If we got a pup it would be a male. Angel will be 7 in January. My pup will be 1 year this month...


----------



## Verivus (Nov 7, 2010)

Have you ever owned more then one dog? The dynamic is very different IMO. I would not do it. Get a solid foundation with your first and maybe get the older one. I wouldn't even think of getting a new puppy until my first was at least 2, let alone add another adult in less then a year on top of that. But that's just me.


----------



## middleofnowhere (Dec 20, 2000)

None of the above.


----------



## juliejujubean (May 4, 2011)

I have owned more than one dog... and none of the above was not an option.. I know exactly what I am getting into, my heart is just torn.

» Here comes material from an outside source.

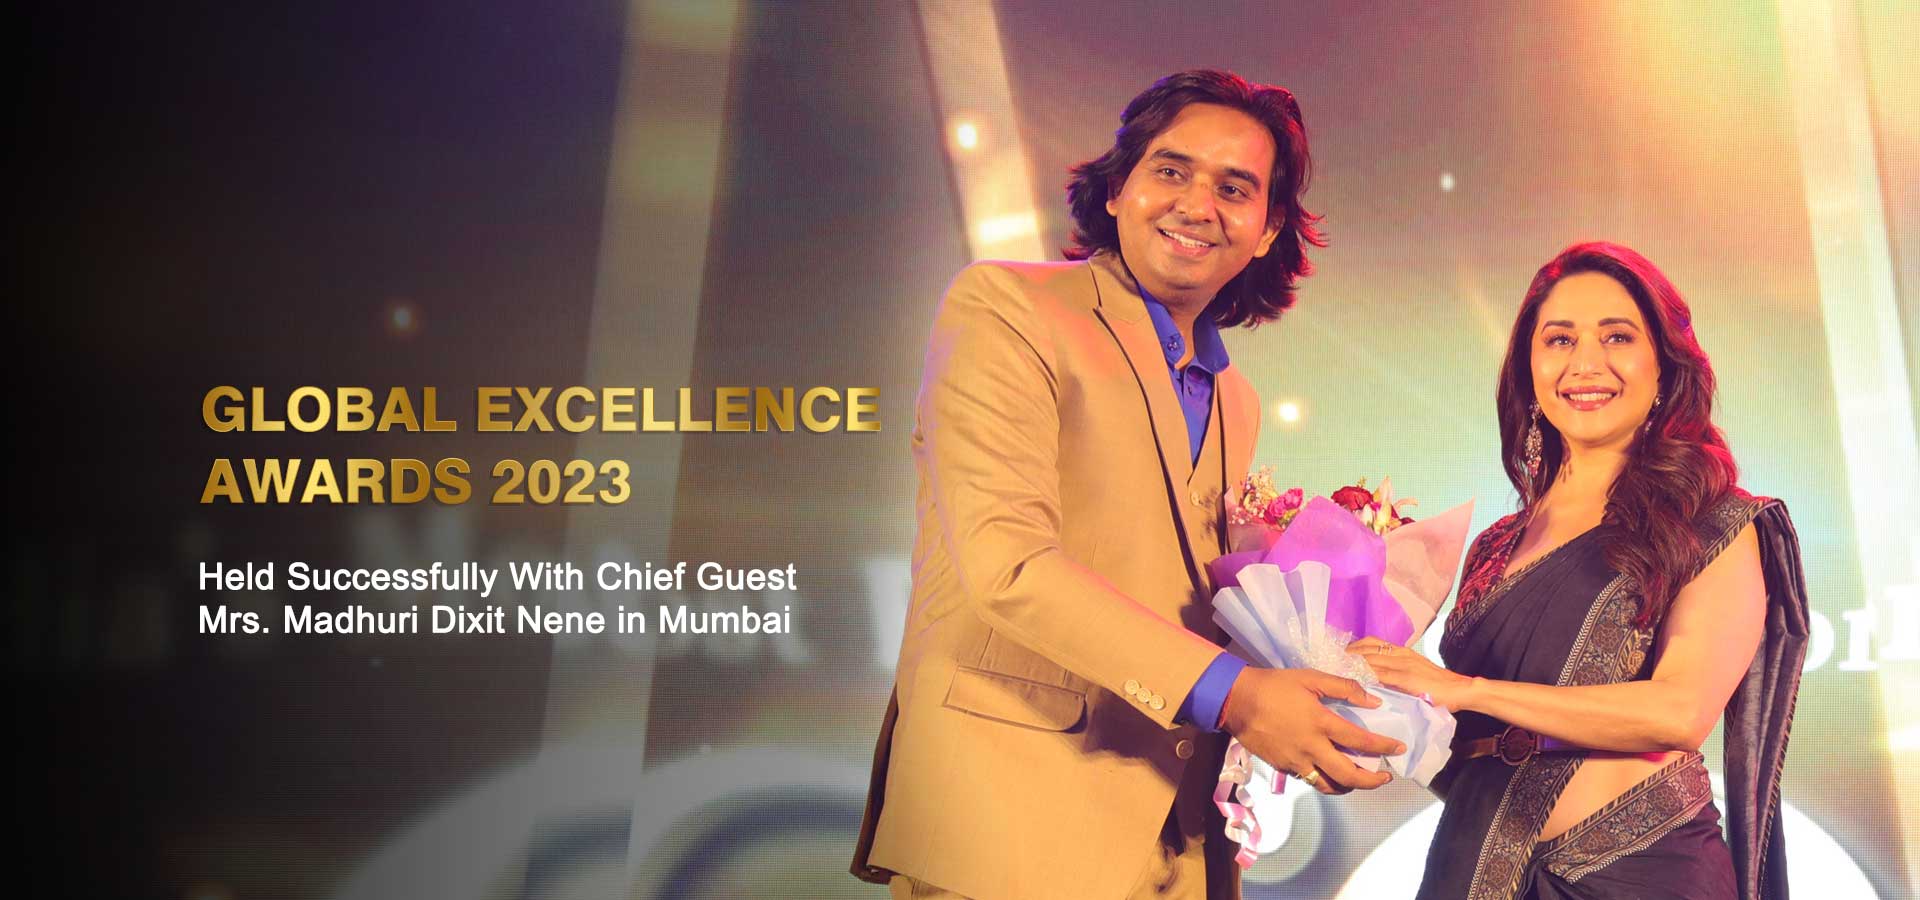 Global Excellence Awards 2023 Completed Successfully

If we could please get back on topic that would be wonderful.

Also, neither will be coming home until winter (dec-jan)


----------



## doggiedad (Dec 2, 2007)

if i were getting a second dog my first dog would be
well trained and highly socialized before getting another
dog.


----------



## Verivus (Nov 7, 2010)

I don't see how it was off topic. Whether you have had multiple dogs before is an important question, especially since you're considering adding two dogs to your home less then a year apart from each other. 

My answer is to only add one more dog for now; there is always a possibility that issues could crop up once mama dog is settled in. I don't see how that would be manageable if you also had a puppy to care for at the same time.


----------



## juliejujubean (May 4, 2011)

doggiedad said:


> if i were getting a second dog my first dog would be
> well trained and highly socialized before getting another
> dog.


My dog is trained and Highly socialized... and we have a YEAR until either would come home.. only more time to improve.

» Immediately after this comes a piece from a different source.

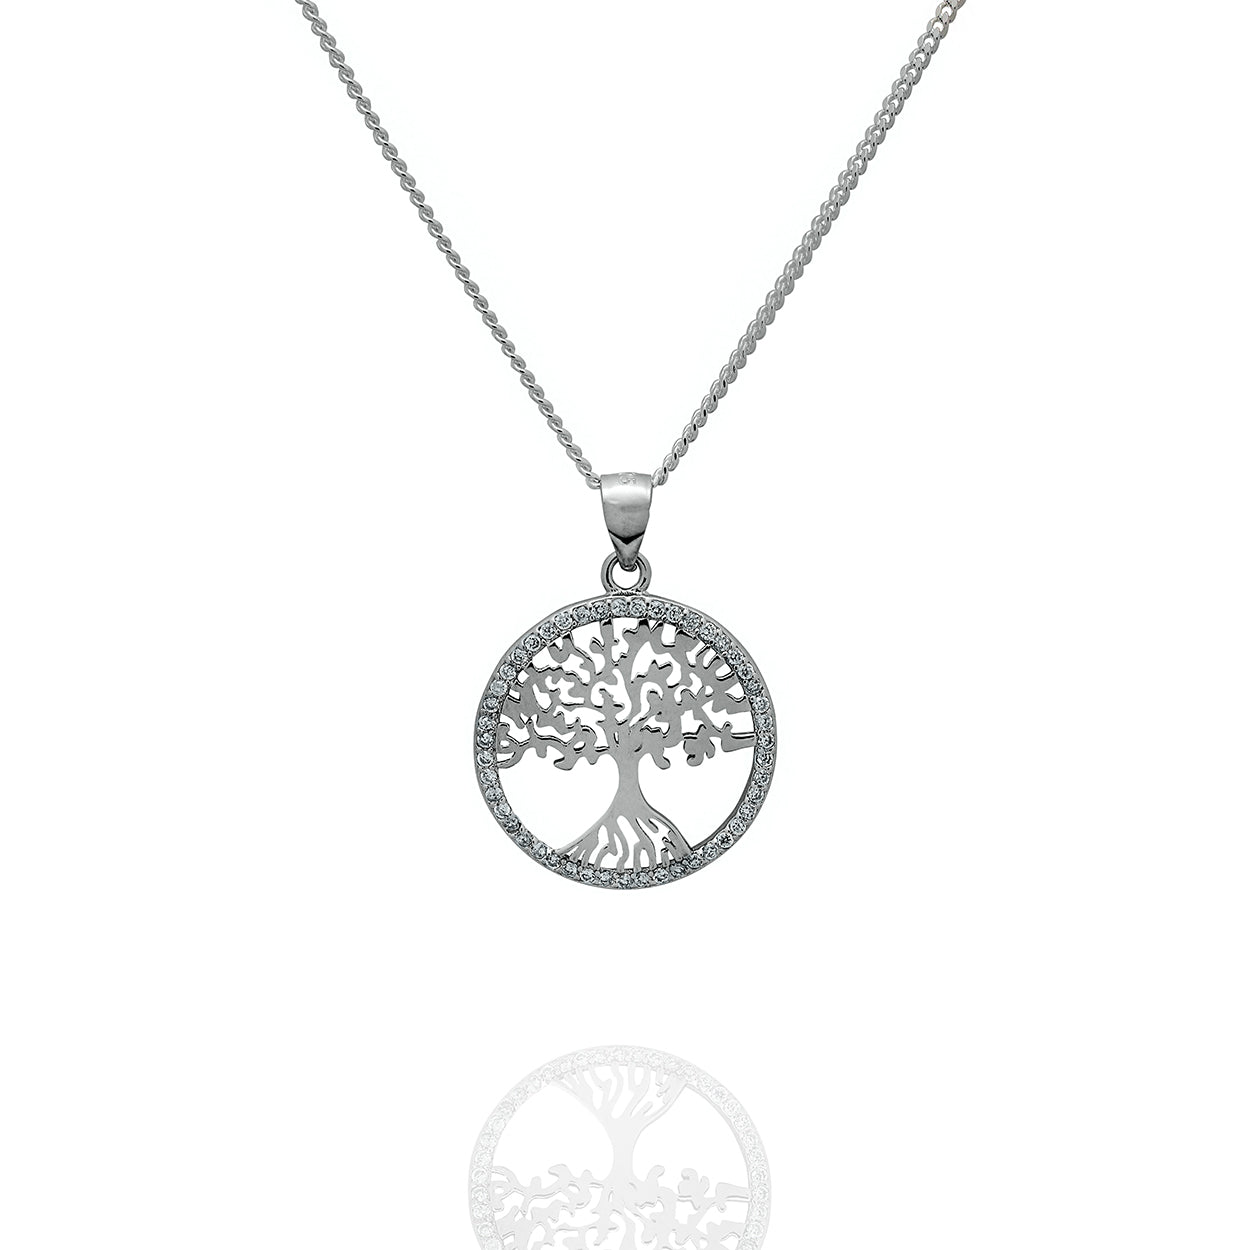 Sterling Silver Tree of Life Pendant set with Cubic Zirconia around the tree

This is not a spontaneous decision like everyone is making it out to be. I have grown up with dogs my ENTIRE life. At my fathers house before I left for college we had 3. I walked all of them at the same time. No issues. Then king passed on and my dad got blitz. still 3. I know what im getting into please stop downing me. and just say which of the 2 you would choose.


----------



## juliejujubean (May 4, 2011)

Verivus said:


> I don't see how it was off topic. Whether you have had multiple dogs before is an important question, especially since you're considering adding two dogs to your home less then a year apart from each other.
> 
> My answer is to only add one more dog for now; there is always a possibility that issues could crop up once mama dog is settled in. I don't see how that would be manageable if you also had a puppy to care for at the same time.

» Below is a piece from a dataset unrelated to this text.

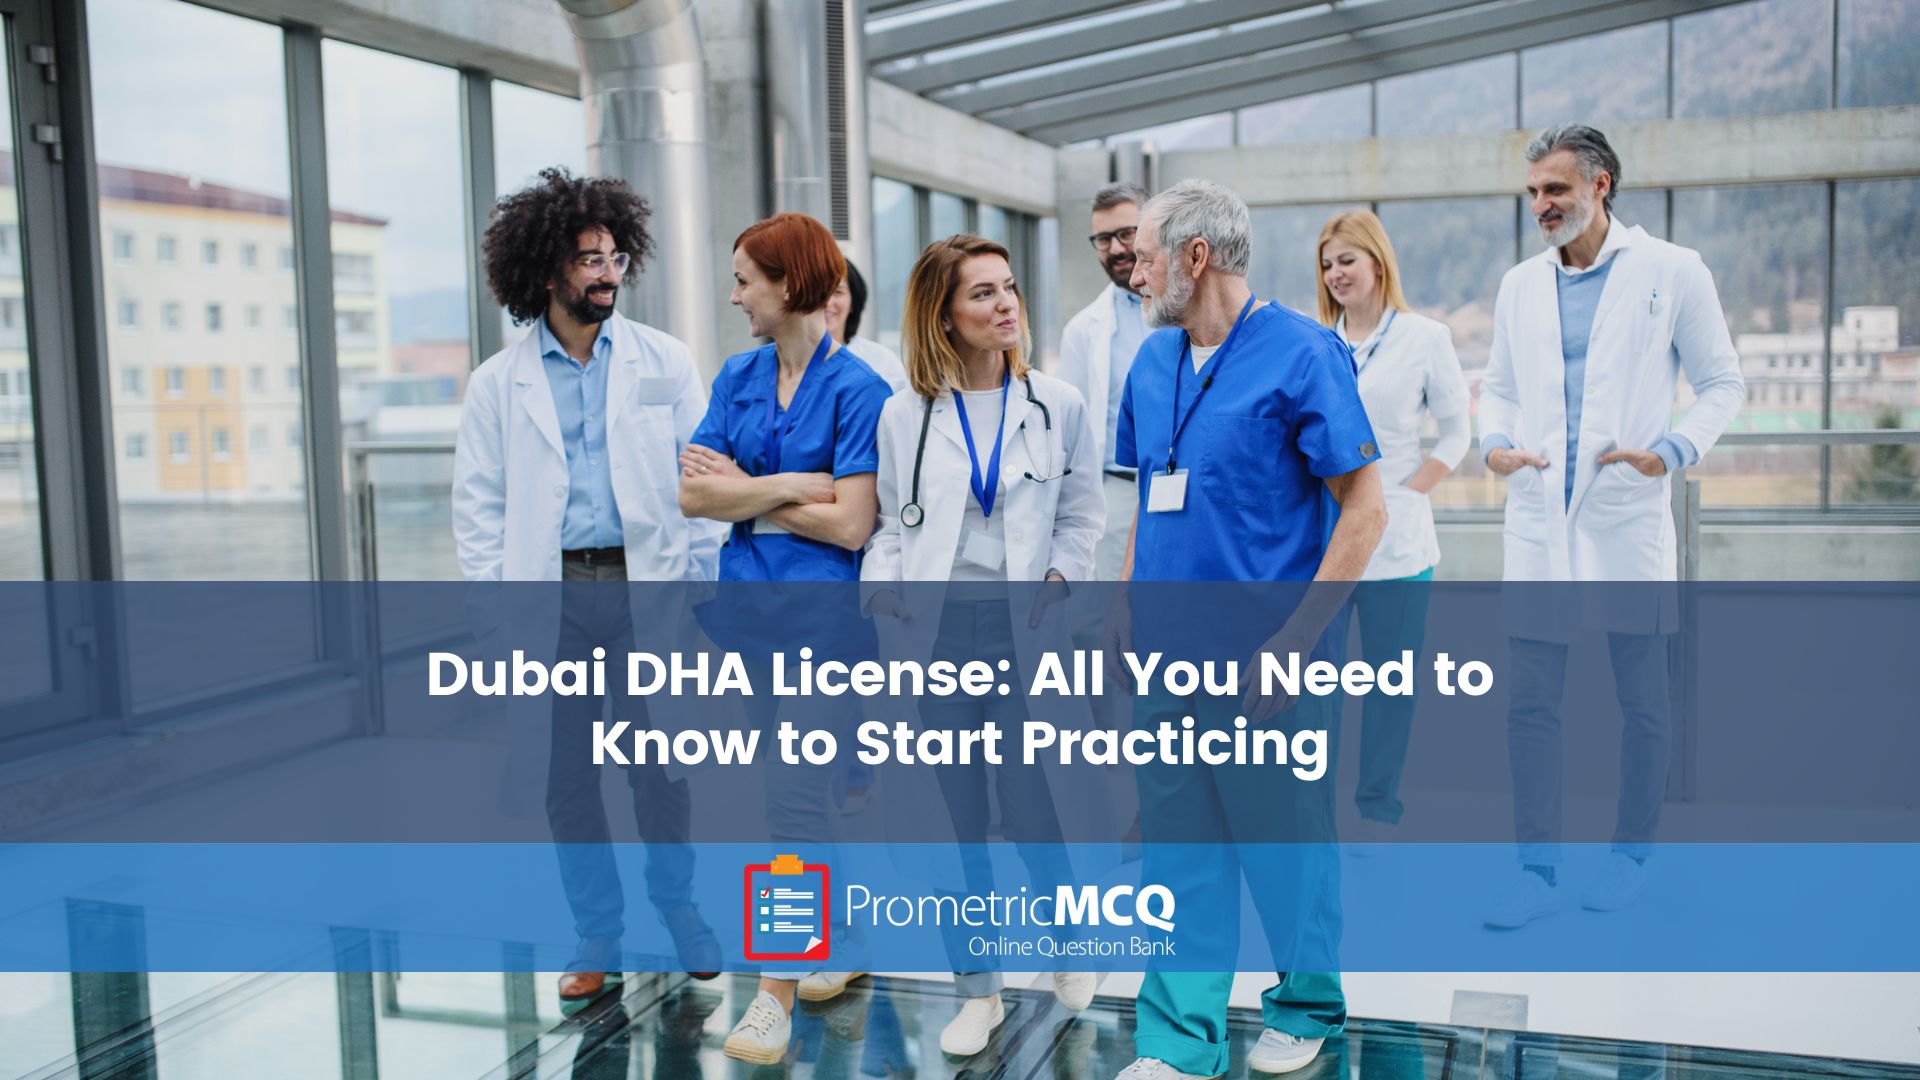 Dubai DHA License: All You Need to Know to Start Practicing

My dog will be right around 2 when the pup or mom would come. I am not getting both, I can't have that because I am living on base with my husband. My heart is just torn with bring Angel to a forever home and spoil her or get a puppy from angel and spoil him. In addition there were 2-3 more families interested in bringing home Angel as well.


----------



## onyx'girl (May 18, 2007)

I saw a pic of the stud on fb, and wow! I'd like a pup from that breeding. I'd be honored to take mom too. Do what you think is best, I'm sure Melinda trusts you if she's willing to re-home her retired female with you. 
It isn't like you are getting a 'deal' due to taking two....Angel should be fine coming to you next year and you'll have the pup on its way w/ a good foundation by then.


----------



## Verivus (Nov 7, 2010)

juliejujubean said:


> My dog will be right around 2 when the pup or mom would come. I am not getting both, I can't have that because I am living on base with my husband. My heart is just torn with bring Angel to a forever home and spoil her or get a puppy from angel and spoil him. In addition there were 2-3 more families interested in bringing home Angel as well.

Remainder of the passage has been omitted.